# artist



## SoONicK

Hi,
Can I know the word for "artist" in greek?
I know that it is something like tecnique, but i don't know the exact word.
Thanks


----------



## shawnee

You will find the answer in the WR dictionary at the top of the page.


----------



## SoONicK

Of course, but I don't know the greek language


----------



## Perseas

Hi SoONick, 

From the WR dictionary : _artist = καλλιτέχνης _, 

in a context like that of the example: _This *artist* works in metal, plaster and paints_.


----------



## SoONicK

How can be this translated in my alphabet?


----------



## Perseas

καλλιτέχνης = kalitexnis 
*accent on -e-
*x roughly is pronounced like h in 'hi' .


----------



## SoONicK

Ok very good and thank you so much 
Is this a composite word? If yes, what is "kali" (I hear the assonance for texnis...)?


----------



## apmoy70

SoONicK said:


> Ok very good and thank you so much
> Is this a composite word?
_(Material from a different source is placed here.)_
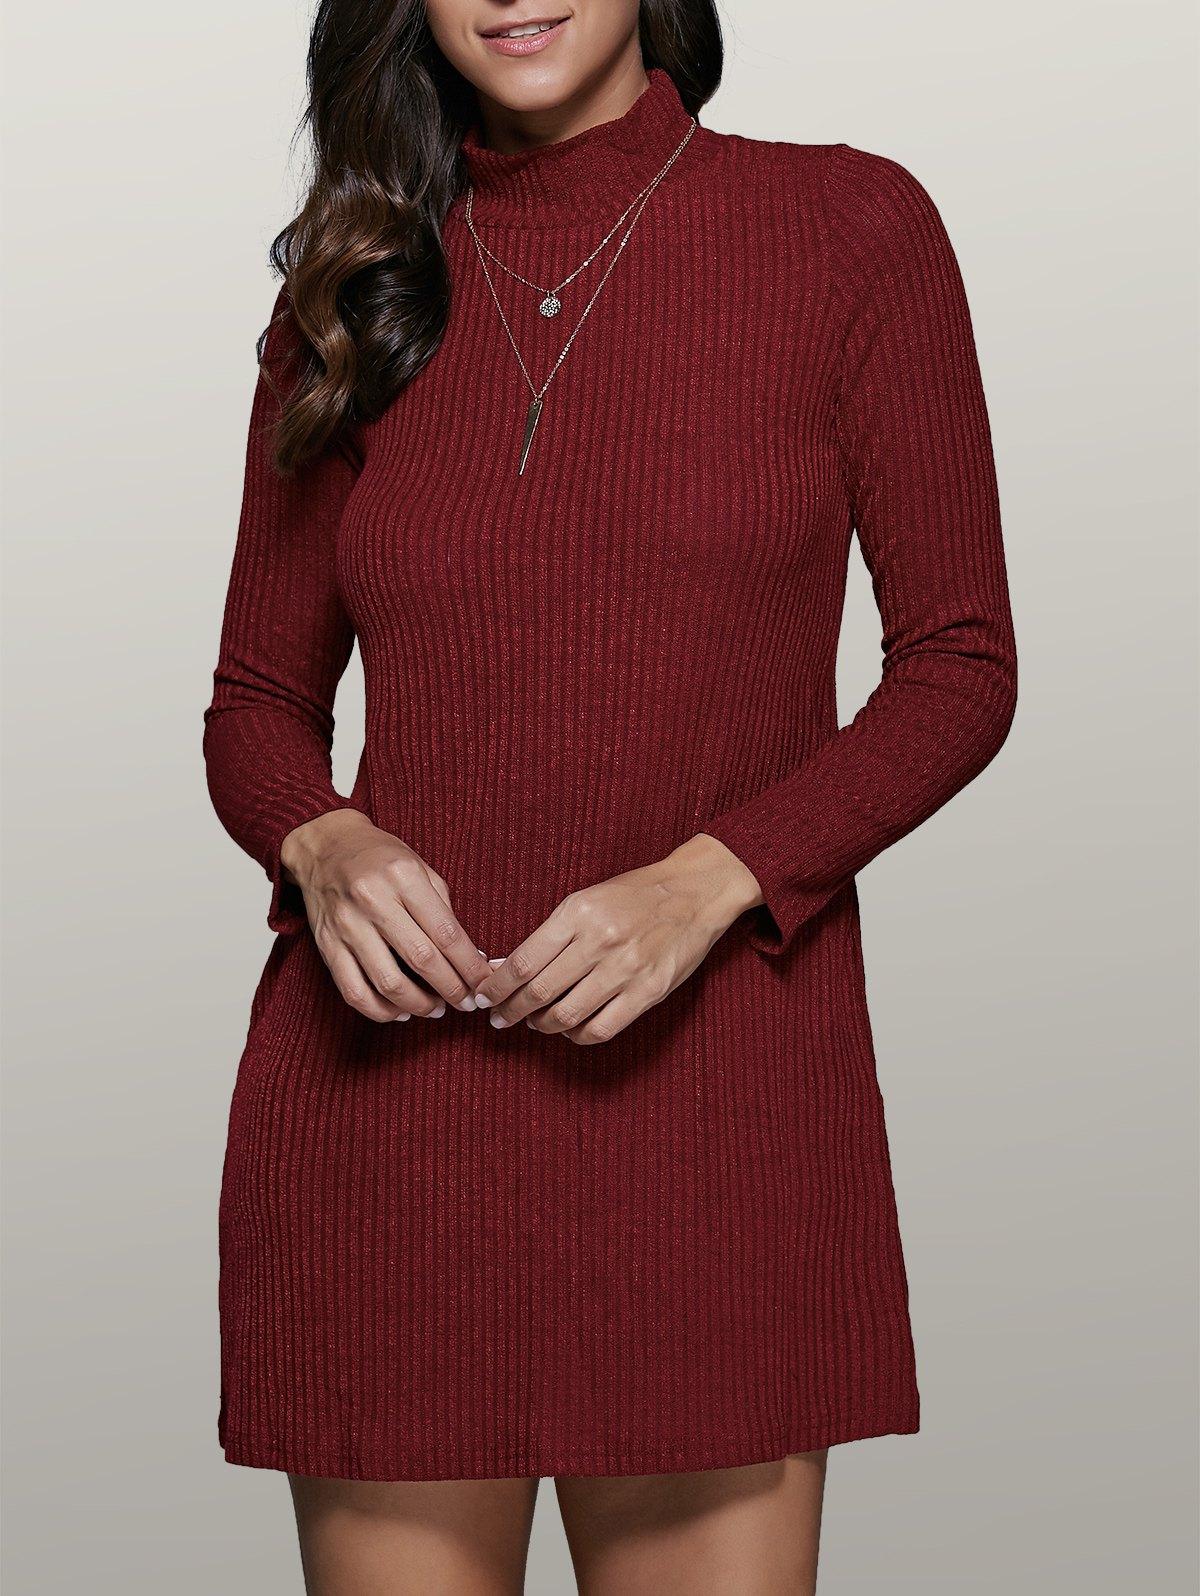 Mini A Line Long Sleeve Sweater Dress - WINE RED XL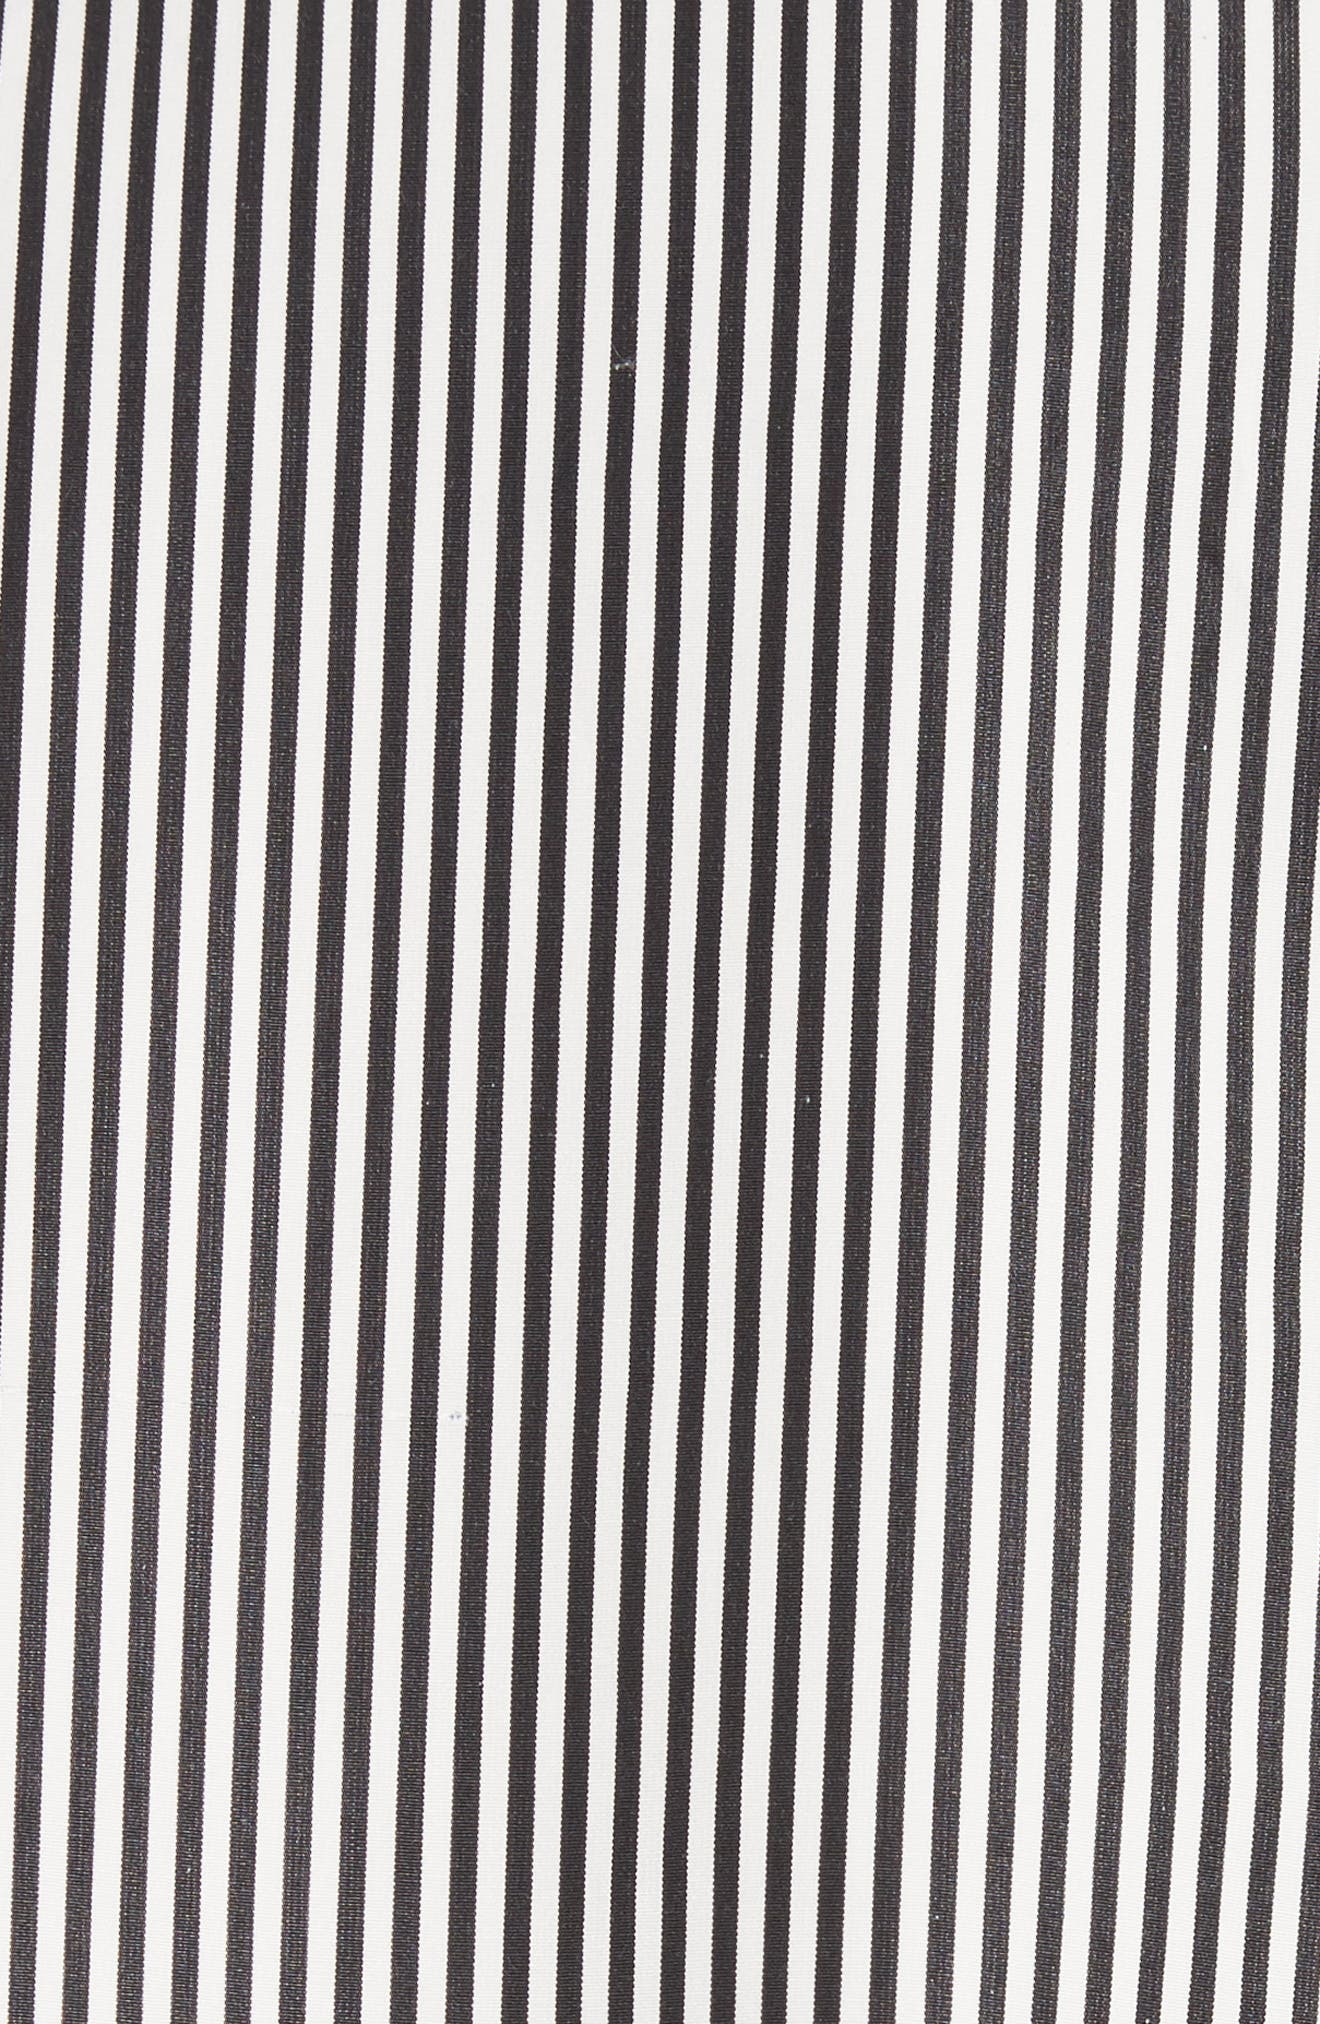 Gwendolyn Blouse,                             Alternate thumbnail 5, color,                             Black Multi

If yes, what is "kali" (I hear the assonance for texnis...)?


Hi SoONick,
Historically the six arts--> Painting, sculpture, architecture, music, dancing, photography (now seven if you include cinematography) are called in Greek _Καλές τέχνες_ (kalés téxnes) which translates as _fine arts_.
The person engaged in one of the said arts, is called in Greek καλλιτέχνης, i.e. _fine-artist_.
Τhe kalo-, kali-, kalli-, kallo- parts, suggest something _good, fine_ in Greek (both physically and morally).
Hope it helps


----------



## hatzi13

SoONicK said:


> Ok very good and thank you so much
> Is this a composite word? If yes, what is "kali" (I hear the assonance for texnis...)?



It is kali=good, nice, buono + texnis=art, arte


----------



## SoONicK

Perfect!
Thank you so so much!


----------



## Acestor

Hi. You should actually transliterate this as _callitechnes_. _Calli_ is known from words such as _callisthenics_ or _calligraphy_. _Techn_- can also be found in words such as _technical_. As a matter of fact, someone has created the word _Callitechnic_ (for "artistic") as the name of a company.


----------